Department of Law

Department overview
- Jurisdiction: Government of West Bengal
- Headquarters: Writers' Building;
- Minister responsible: Biraj Biswas, Minister of State;
- Department executive: Pradip Kumar Panja, Principal Secretary;
- Website: Official Website

= Department of Law (West Bengal) =

State government department in West Bengal, India

Department of Law is a department under the Government of West Bengal in West Bengal, India. This is the main legal policy making and advisory authority of State Government.

== History ==
Initially the works of Legal policy making and legislative drafting were entrusted to the Legislative Department of the Government of West Bengal. The Department of Law was established in March 1958 after amalgamation of Legislative and Judicial Department of the State government.
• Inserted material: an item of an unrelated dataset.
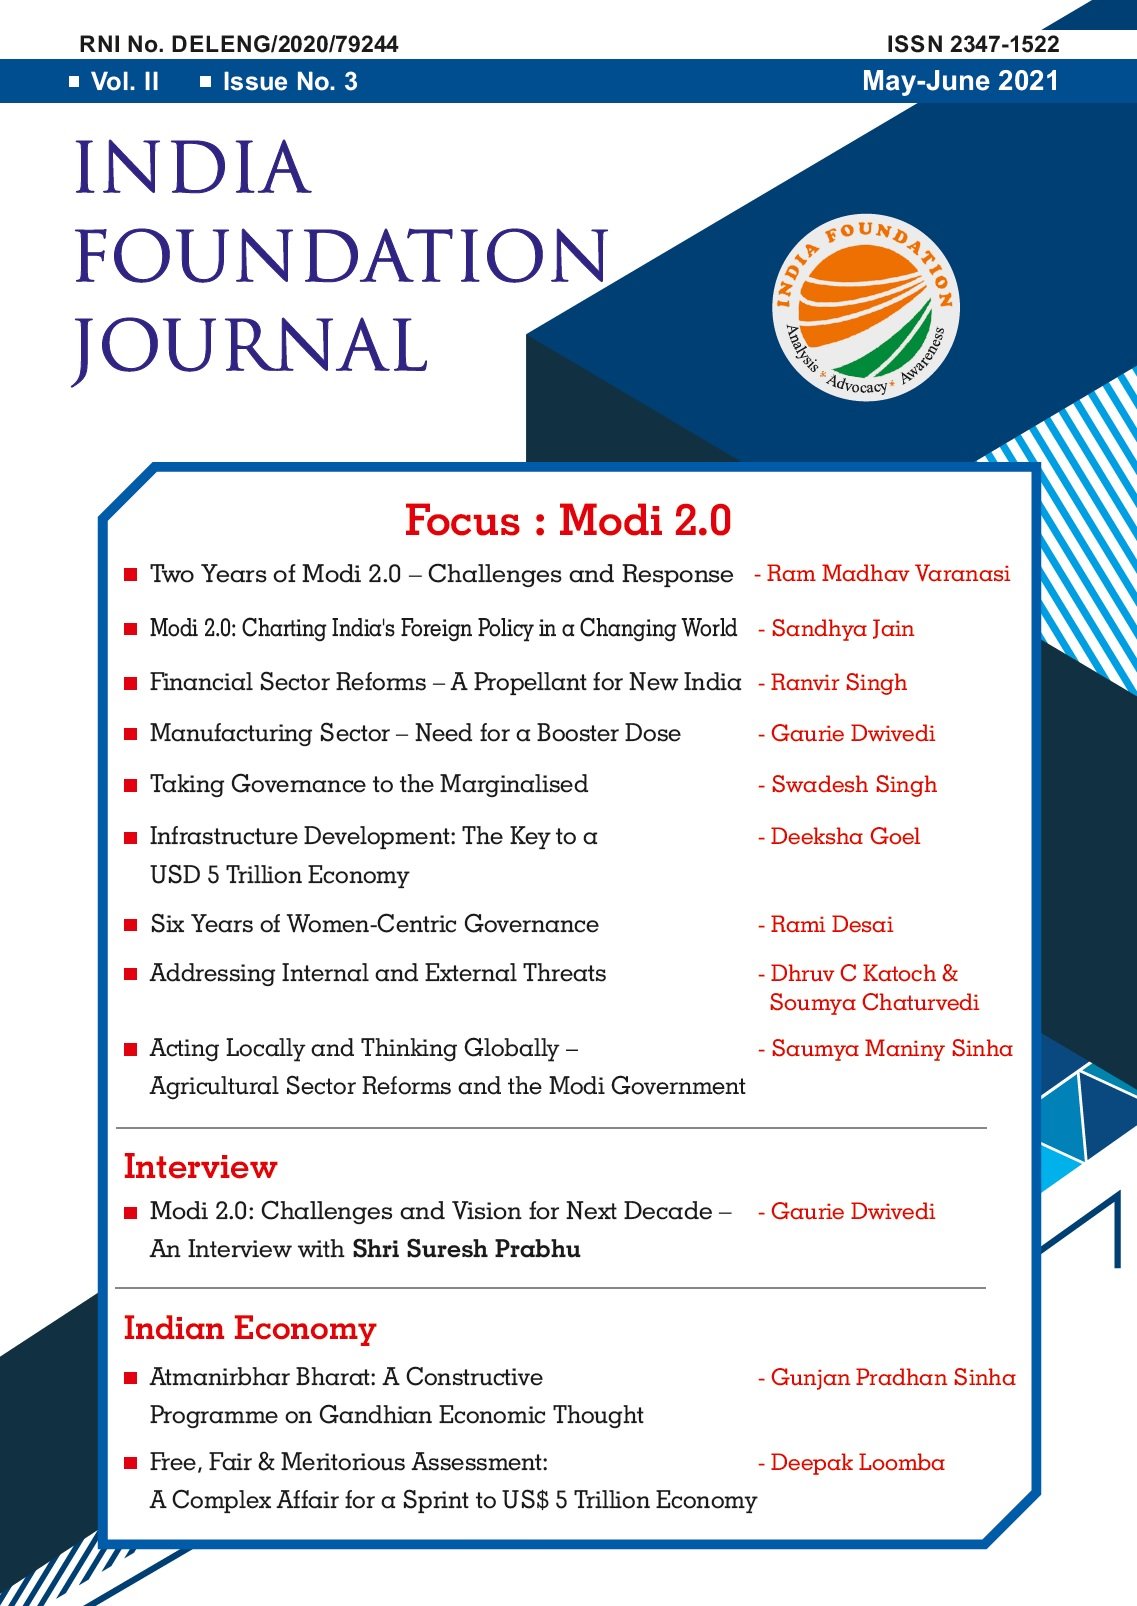 India Foundation Journal May-June 2021

This were also sub divided into Judicial and Legislative in 1963. In 1988, the Legislative Department was renamed as the Law Department with effect from 1 March 1988. The headquarters of this Department situated in the main block, Writers' Building, Kolkata.

== Activities ==
The Department has two branches, the Legislative Branch and the Official Language Branch. The Law Department is assigned with the legislative drafting, publication of notifications, Bills, Ordinances and amendments to Bill and Acts, rules and by-laws through official gazettes of the other administrative Departments of the West Bengal. It also performs periodical revision, correction of orders, settlement of Statutory notifications, regulations whenever necessary. Further this Department deputes West Bengal Legal Service officers in various departments to look after the court cases concerned.

== Ministers ==
Presently the Minister-of State is Biraj Biswas. Previously Moloy Ghatak, leader of the All India Trinamool Congress was the Minister in-charge.